And I say all of this on the authority
of someone who has seen it twice.

So I give it a ? out of 10.

What say you?

* I heard people bitching about a scene where Michael eats a dog. If it’s just because we actually SEE it, then fine, but if the actual idea is what bugs you - shut your damn mouth, because that was something in Carpenter’s film (“he got hungry...”).

HorrorBlips: vote it up!


  1. *Holds head in hands, rocks back in forth*

    I don't know what to do! I don't know what to do! I don't know what to do!"

  2. Good read.

    My review on Sequel-Buzz was positive for two reasons: 1) I was dared to, and 2) I actually liked the film. Like yourself, I seen it twice. I thought after seeing it again my review might change, but no, it stands.

    Take it easy.

  3. This sounds like an absolute jumbled mess. After all the reviews that I've read, at the end of the day, I keep going back to the same impetus that supposedly lead Michael down his whacked out path (as drummed up by Zombie): he was raised by a hillbilly family and he was picked on at school. Certainly not the most traumatic of childhoods. He said repeatedly that he would never do another Halloween after the first so definitely a lost bit of integrity there. All in all, I have zero desire to see this. I think The Final Destination will get my hard earned dollars this weekend. Great review, as always.

  4. Great review, completely fair (and frankly more merciful than I expected).

    Your pre-embargo "better than the first one!" tease was the only "review" I read beforehand, and literally the only reason I saw this in the theater. So, um, thanks? I guess?

    The theater was about half full when I saw the film on a relatively cool and rainy opening morning in NYC. Some audience members, including myself, giggled intermittently -- particularly when things went all Exorcist / Emily Rose -- but most people held it together. Until the last HORSIE! shot, at which point everyone who hadn't already walked out started to laugh, and didn't stop until the credits rolled. So yeah.

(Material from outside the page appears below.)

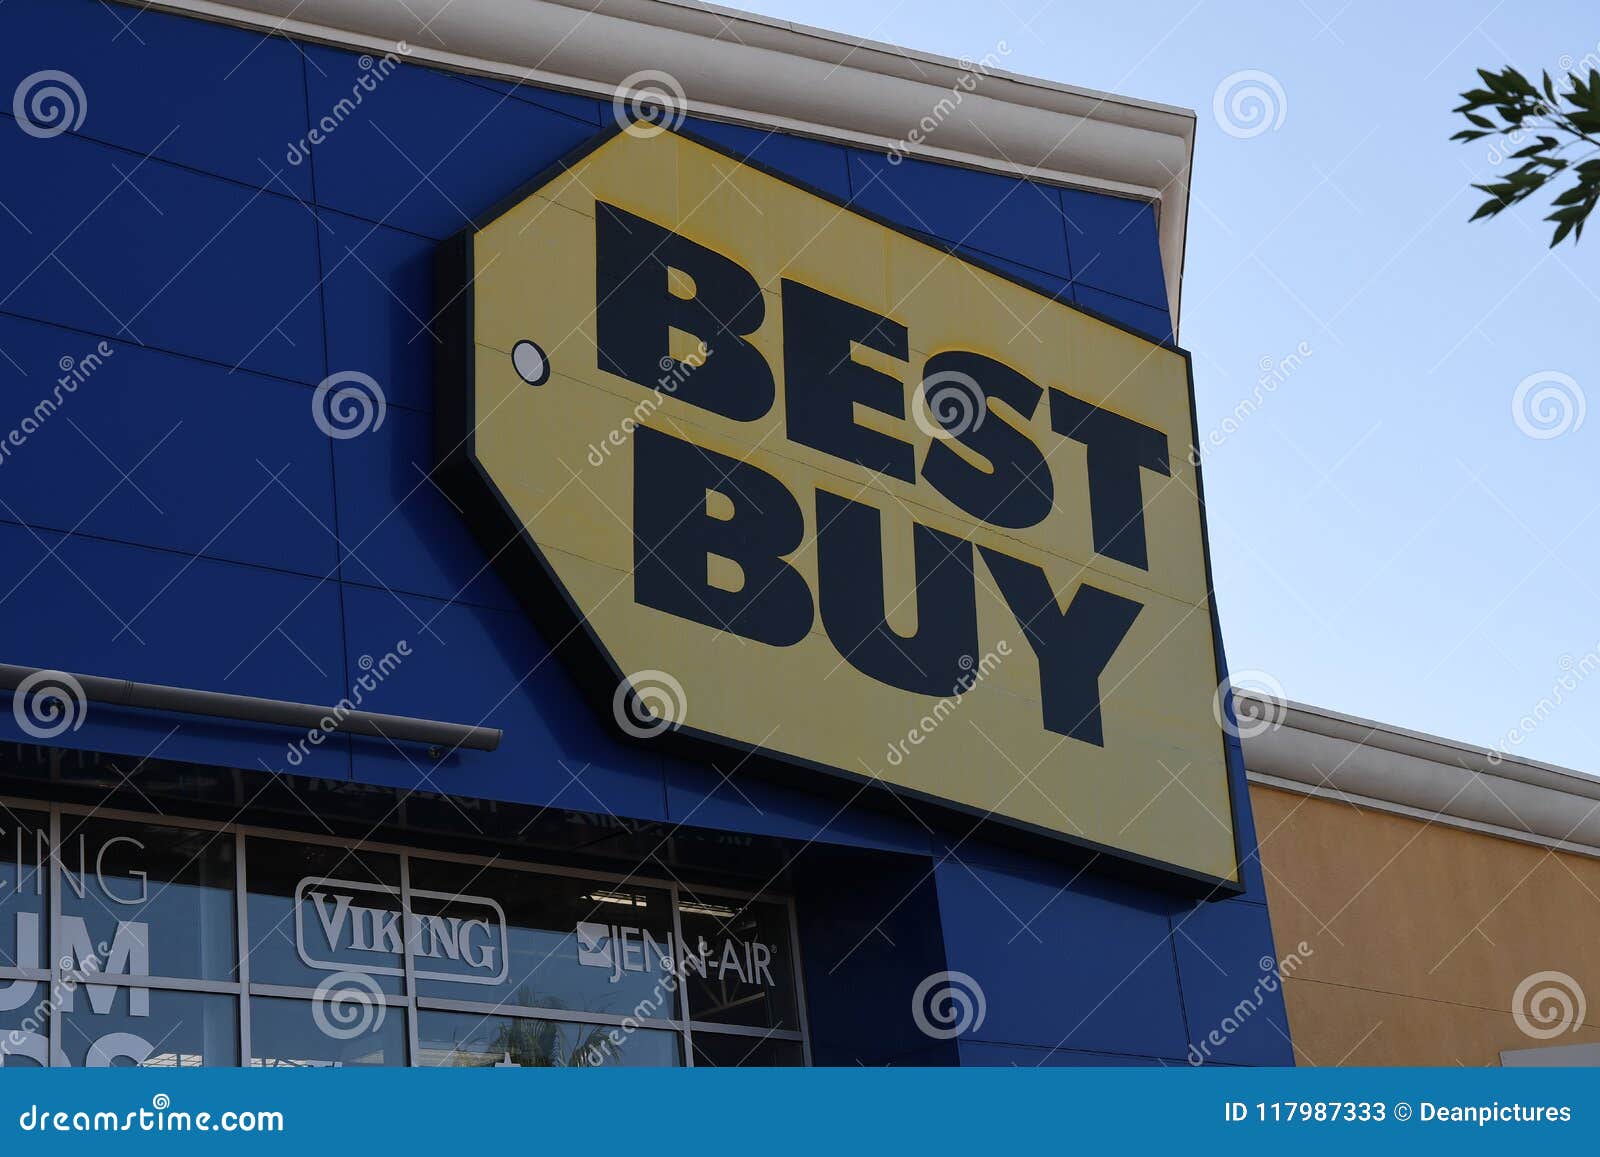 BEST BUY STORE editorial stock photo. Image of store - 117987333

    (I didn't hate the first one: it was a misfire from a director who obviously loved the material. I'd even like to see a longer cut of this film; currently it feels choppy and sloppy, rather than the "organic" shambles of Zombie's other films.)

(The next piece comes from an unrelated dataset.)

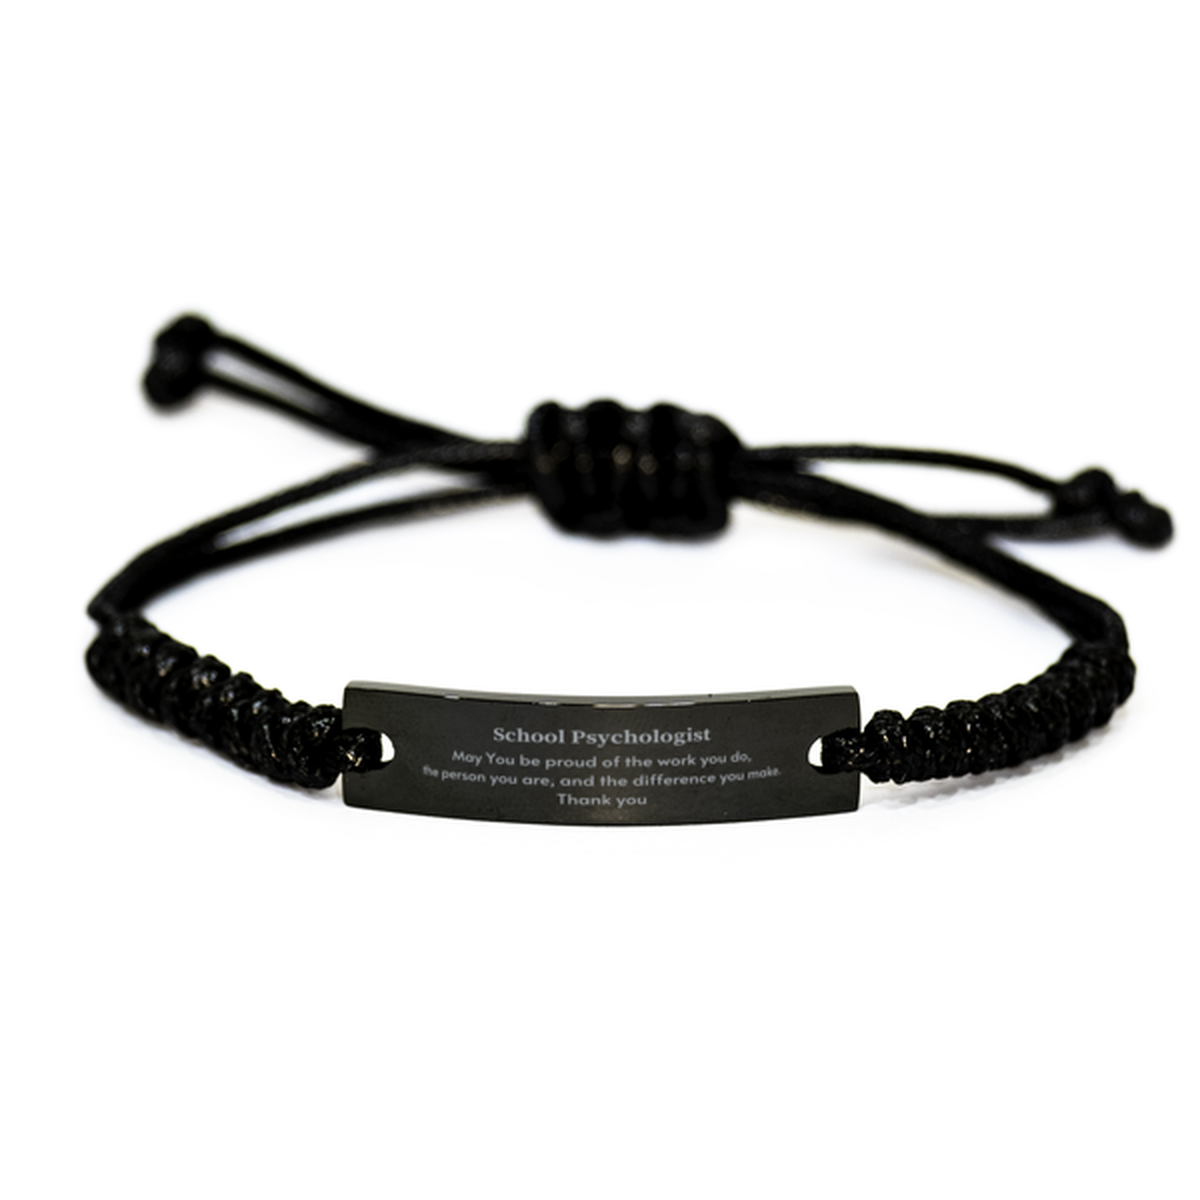 Heartwarming Black Rope Bracelet Retirement Coworkers Gifts for School Psychologist, School Psychologist May You be proud of the work you do, the person you are Gifts for Boss Men Women Friends

    I was intrigued that Michael repeatedly reenacts his primordial murder scenario, enduring taunts -- "dirty hippie!" -- and even physical abuse that serve to "justify" his own violence. (He's like a 7-foot tall, supernatural Billy Jack.) As you note, though, he also slaughters random innocents. Combined with Tyler Mane's Monica Seles-like grunting during several of the (over)kills, this makes him seem more like a garden-variety thrill killer than anything more resonant. This isn't The Shape; this is just a mad dog. Which is my problem with Zombie's other Nietzsche Wannabe killer-protagonists, as well: they're basically just arrested-development assholes with lousy taste in music.

    Oddly, one of Tyler Bates' cues reminded me very much of Carpenter/Howarth's "Prince of Darkness" theme.

    P.S.: Weird Al wisecracks about "the Austin Powers Michael Myers" as part of the talk show patter. One of the kills is actually shown hanging by the neck, but that's not the cause of death.

  5. Just kinda out in Saturn or Uranus (pun intended) here but why hasn't William Shatner ever made an appearance in a Halloween movie, I wonder? That would be fun. And where was the older sister in the visions, if it was supposed to be a family reunion? Hmmm...

  6. or rocks back AND forth. either one is fine really.

  7. BC, your review was well written, but I'm frankly baffled you were so kind to this film, especially since you are such a huge fan of the original Carpenter film. Look, I consider myself a huge horror fan, and, yes, I myself purchased my own copy of Zombie's first Halloween film. Now, after having time to reflect about H2, I'm still trying to figure out how I didn't walk out of the theater. You're right, the movie felt terribly rushed. Zombie has never been known to be a good screenwriter, but here it's as if he pounded this out over a weekend. What was the plot of this turkey? Hobo Michael Myers walking across field after field? The best part of the movie (hospital scene) being a dream? If it was a dream, then how the hell did Michael wake up from his gunshot and magically escape the crime scene? And where the hell did he go such that he had to walk for miles across field after field to get BACK to Haddonfield? Speaking of Hobo Myers, loved the bedroll. Where does your typical psycho go to get a bedroll? Don't even get me started on Loomis. You're right, Zombie should have just cut him out completely. I can't believe Zombie wrote him the way he did. Donald Pleasance would be ashamed. Why did McDowell even accept this part anyway? Enough ranting. I just hope you see the light and realize this movie makes the first one look Oscar worthy.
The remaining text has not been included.